FIG. 3 is a diagram for explaining an electrostatic latent image formed on the photoconductive drum in a case where the four laser beams are irradiated;

FIG. 4 depicts a view illustrating another aspect of the sensor, for explaining an example of measuring through the obliquely arranged CCD sensor the positional deviation of four laser beams in the sub-scanning direction;

FIG. 5 is a diagram for explaining the relationship among a sensor, a multi-semiconductor laser, a photoconductive drum, and scanning lines of laser beams, and irradiation control signals for respective semiconductor lasers according to the present embodiment;

FIG. 6 is a diagram for explaining a condition in which a position of a formed dot is corrected by controlling the amount of a laser beam from each semiconductor laser according to the present embodiment;

FIG. 7 is a block diagram illustrating a configuration for controlling the amount of irradiation of each semiconductor laser of the multi-semiconductor laser according to the present embodiment;

FIG. 8 is a flowchart for explaining processing by a CPU in the light amount control circuit according to the present embodiment; and

FIG. 9 depicts an example of table data of an allotting table for allotting the amount of light according to the present embodiment.

Preferred embodiments of the present invention will be explained below in detail with reference to the accompanying drawings. Note that the embodiments below are not intended to limit the present invention which is according to the claims, and that all combinations of features explained in these embodiments are not always essential to the solution of the present invention.

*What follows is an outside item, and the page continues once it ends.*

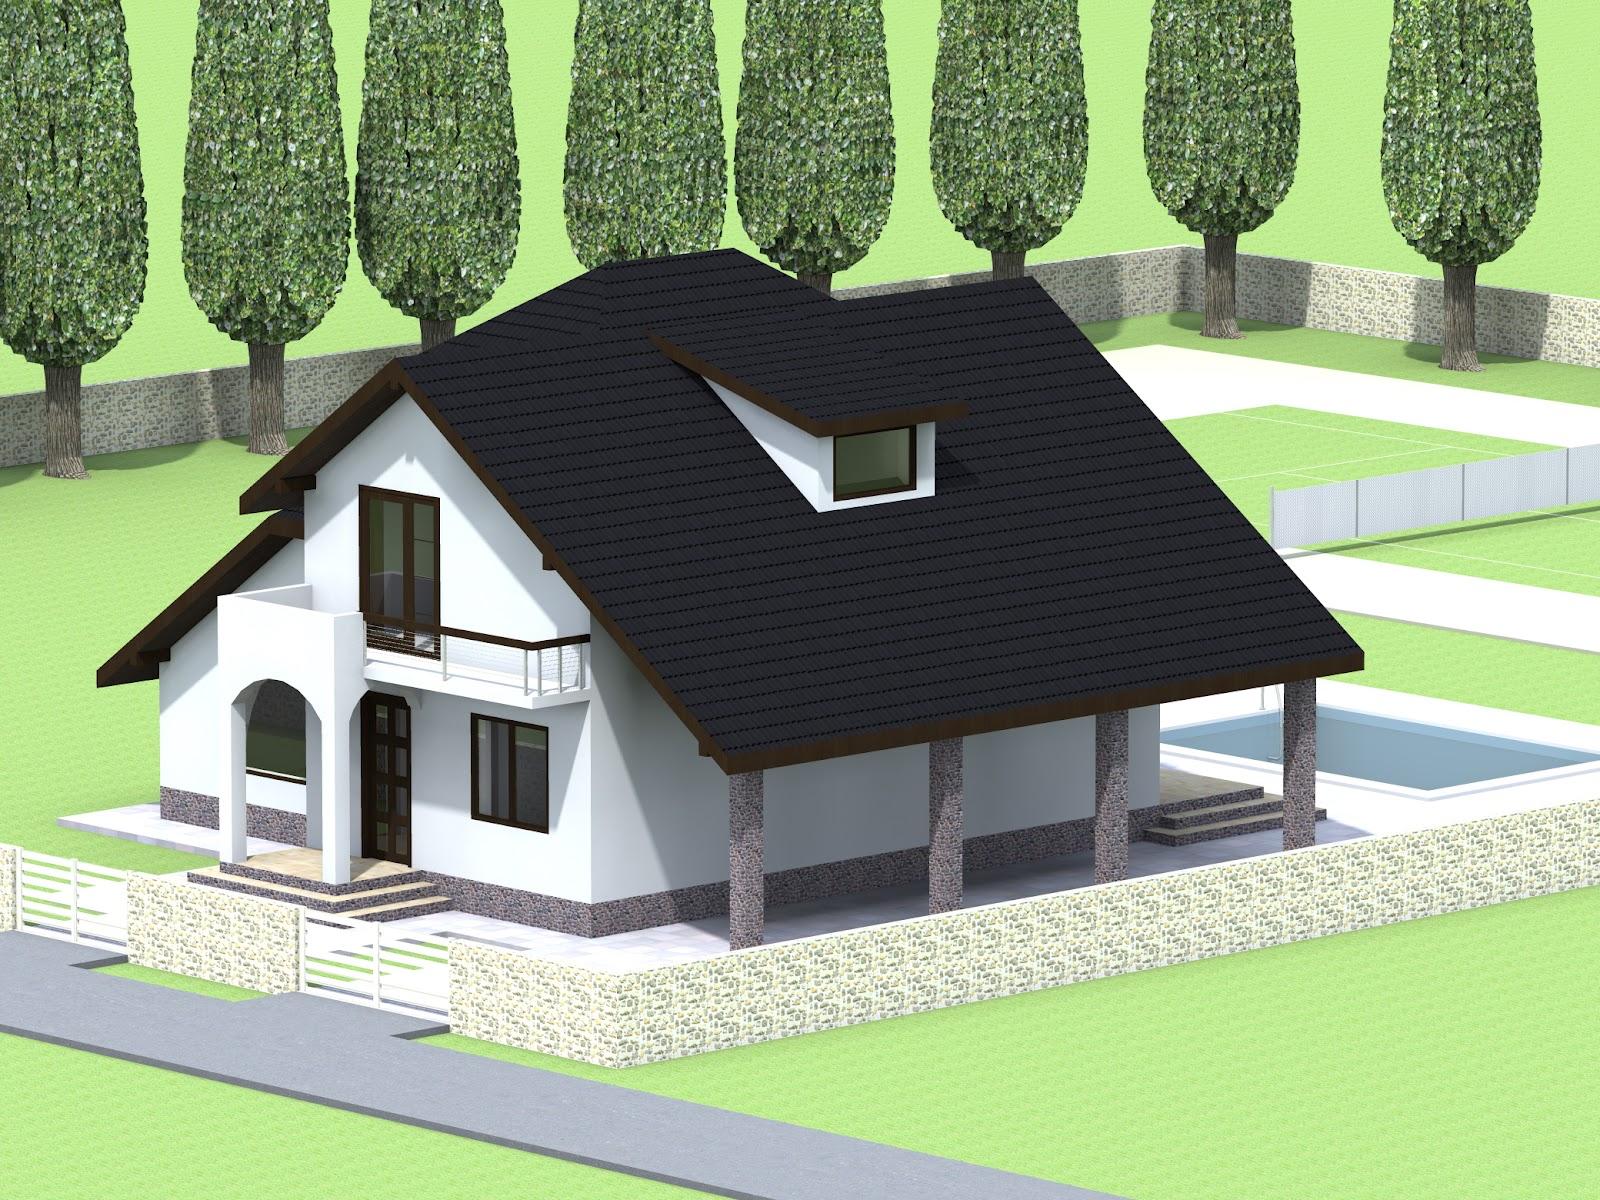 Proiecte constructii for Arhitectura case cu mansarda

FIG. 1 is a block diagram for explaining the main configuration of the optical scanning unit in an image forming apparatus (laser printer) according to an embodiment of the present invention.

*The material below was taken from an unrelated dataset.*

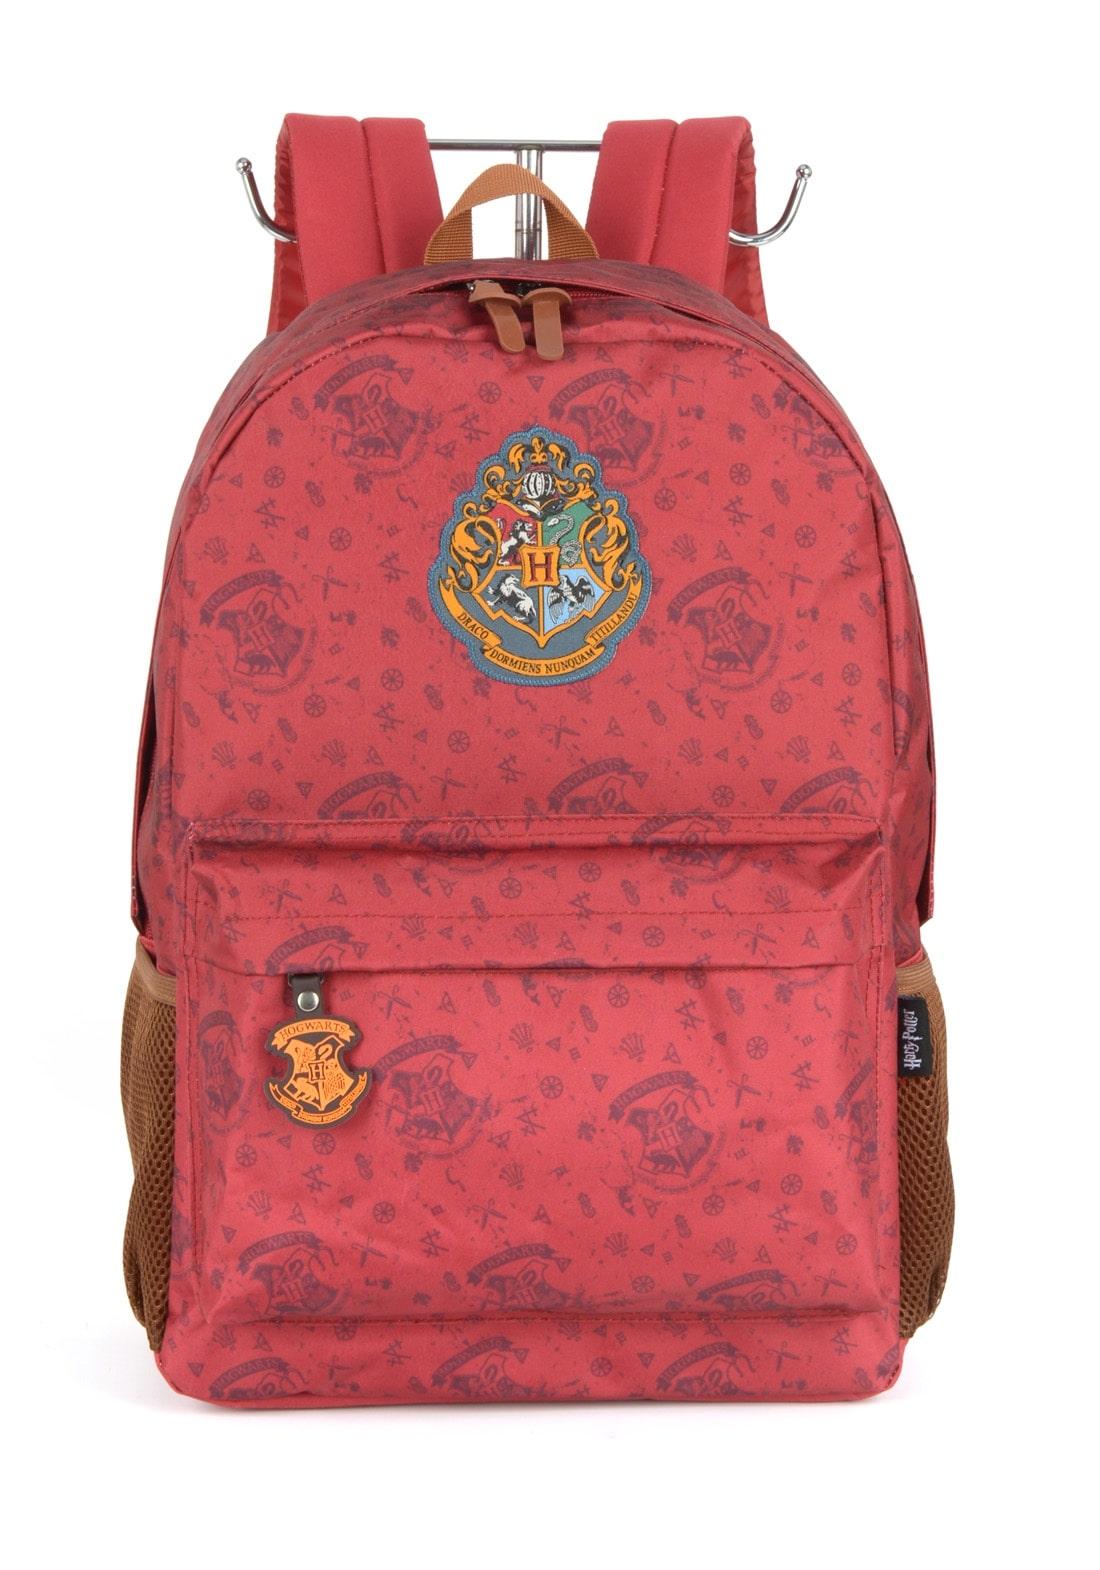 Mochila Harry Potter Vermelha

A laser unit 2 according to the embodiment has a multi-semiconductor laser 3 that emits four laser beams. The multi-semiconductor laser 3 has four semiconductor lasers A to D that are arranged, for example, as illustrated in FIG. 2, being spaced a distance α apart from each other in the main scanning direction and arranged being spaced not longer than one-pixel length apart from each other in the sub-scanning direction. The four semiconductor lasers are driven in such a way that, during a laser-beam scanning in the main scanning direction, at least one semiconductor laser is made to emit a laser beam, and one pixel is formed, by superimposing dots formed using a plurality of laser beams from the four semiconductor lasers, to form an electrostatic latent image of a dot on an image carrier member.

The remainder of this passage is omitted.